Tuesday, July 03, 2007

Submission to authorities

Yesterday I looked up the poop on marriage licenses in California and found that, among other places, you can pick one up at the Montclair public library. They're 73 bucks, good for 90 days.

The other thing is that they will do a marriage ceremony for 40 bucks, right there in the library. I woke up this morning meditating on why it feels so crappy to think of avoiding lots of inconvenience and expense by doing it that way.

Pastor Santos touched on submission to authority in church last Sunday, so it's been sort of in my head ever since.

I realized that it really comes down to excluding all sorts of people from this event that ought to be involved and get to celebrate it with us. They have authority to be involved. We need them involved in our business, because it's their business too. Just paying 40 bucks in the library would be resisting all these people in our lives.

Of course they don't have any coercive power. That's why God says to submit to authorities for the Lord's sake, not for the sake of their billy clubs and prison cells. To see what's in our hearts, God sends authorities into our lives that have no teeth, who will do nothing to us if we blow them off. But if we do, we will be punished from heaven, learning to respond only to the threat of force as we exercise our power to ignore those can't threaten us with force - in this way becoming slaves of the force which we worship.

It turns out then that the authority we really are called to resist is illegitimate usurpation resting on violence. We read in Daniel of the Antichrist that he honors no god but the god of forces (Daniel 11:36-38). The only way to resist that is to submit to all legitimate authority, especially when it has no force to send against us. Thus it is written, "Submit to God, resist the devil and he will flee from you."

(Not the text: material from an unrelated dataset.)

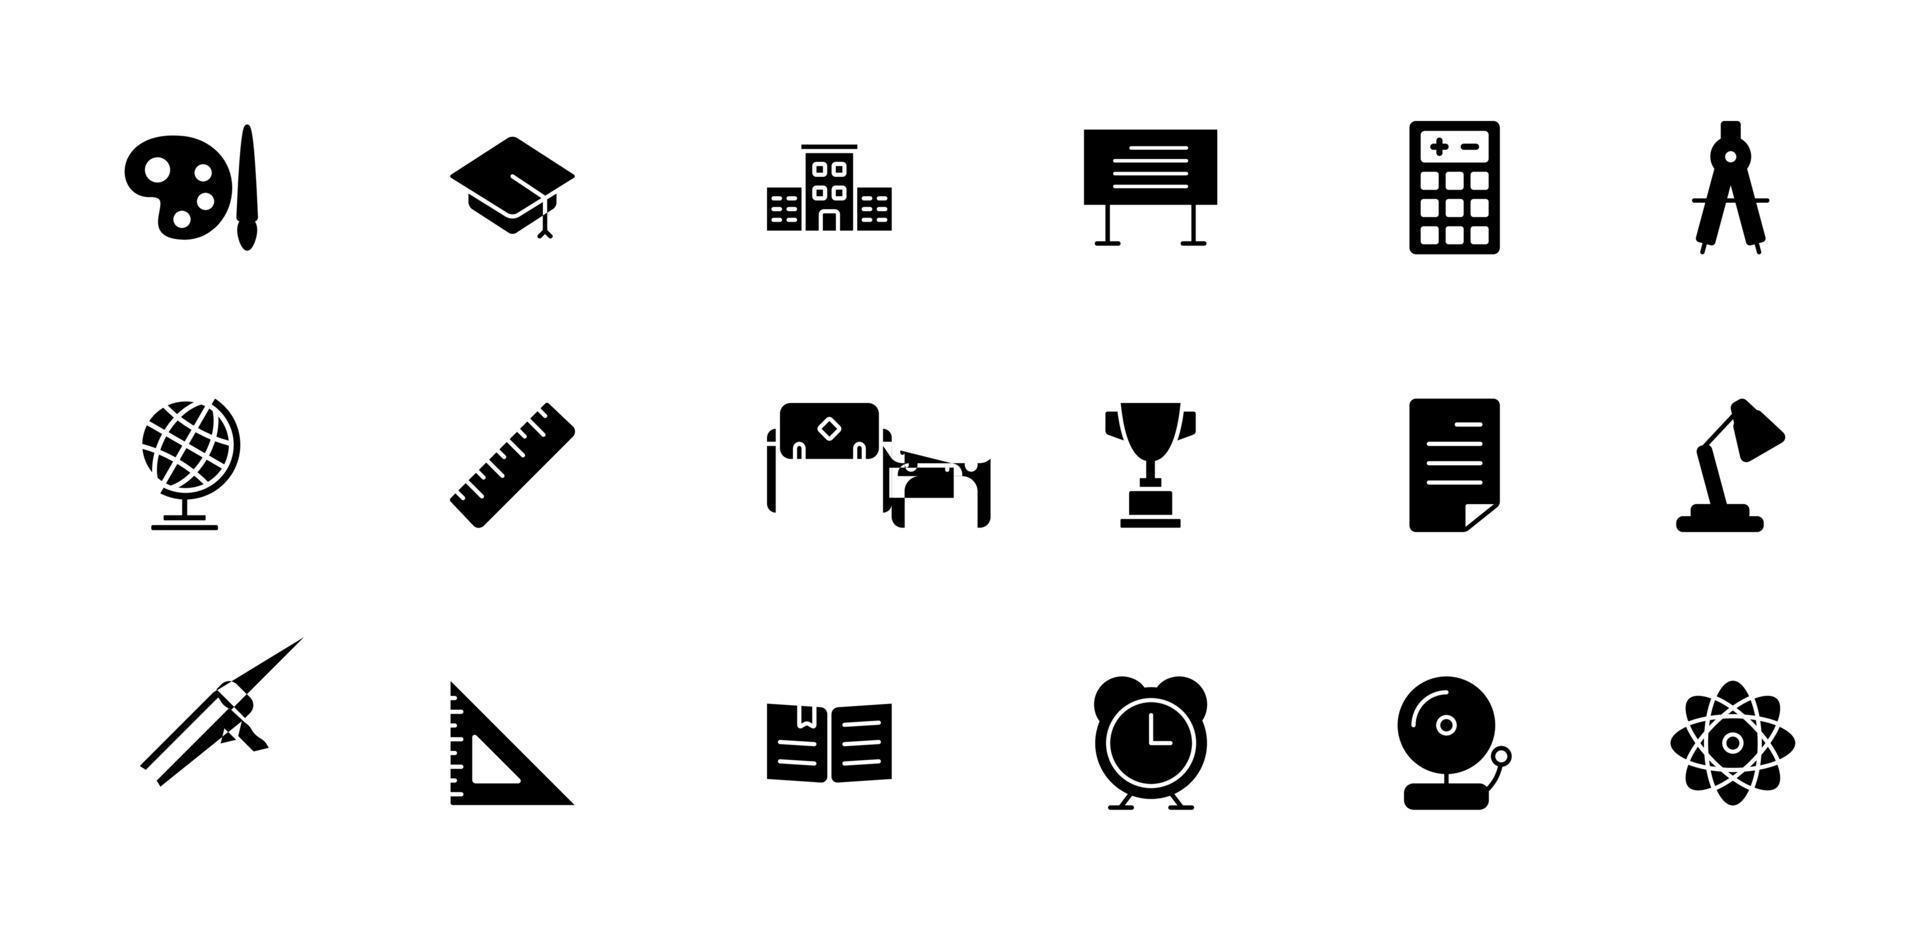 School and education icons vector

All effective resistance to usurpation rests on submission. It starts by making sure we're not being usurpers ourselves. The penalty for exalting ourselves against authority is for God to subject us to the humiliation of raw force. You want to know how many divisions he has before you listen? Then God will send you someone to rule over you with divisions, instead of by the powerless truth that you despise.

For this reason, we ought to be looking for reasons to submit to people, thinking about how to serve them and do what they want, instead of trying to find excuses to say no. All authority is instituted by God, as Paul writes in Romans 13, but Romans 13 follows from Romans 12, in particular such words as "give preference to one another in honor," and "rejoice with those who rejoice, and weep with those who weep." This is about being in submission to one another. The rejoicing and weeping may not be fully justified, but often we should not go there, just as the Lord often doesn't go there with us.

This is good news for us. God doesn't think we have to be right in order to go along with us. Aren't you glad you don't have to be right about everything before God and other people listen to you? God gives grace to the humble, not to the right, which is no doubt why Romans 12 says, leading up to Romans 13, "Do not be wise in your own eyes."

When we're not being wise in our own eyes, it looks like good news for us that God listens to the humble rather than to the right. When that sounds like bad news to us, we must think we are the right. We're being wise in our own eyes.

Once we know that we shouldn't always get what we want, we're ready to say that others shouldn't always get what they want. We need to submit to authority for the Lord's sake; as Peter said to the rulers telling him to shut up, "We must obey God rather than men" (Acts 5:29). If all authority is instituted by God, then no authority can tell us not to obey God - but can we tell them so and pass the laugh test if we ourselves are not really interested in obeying God and everyone else as far as we can?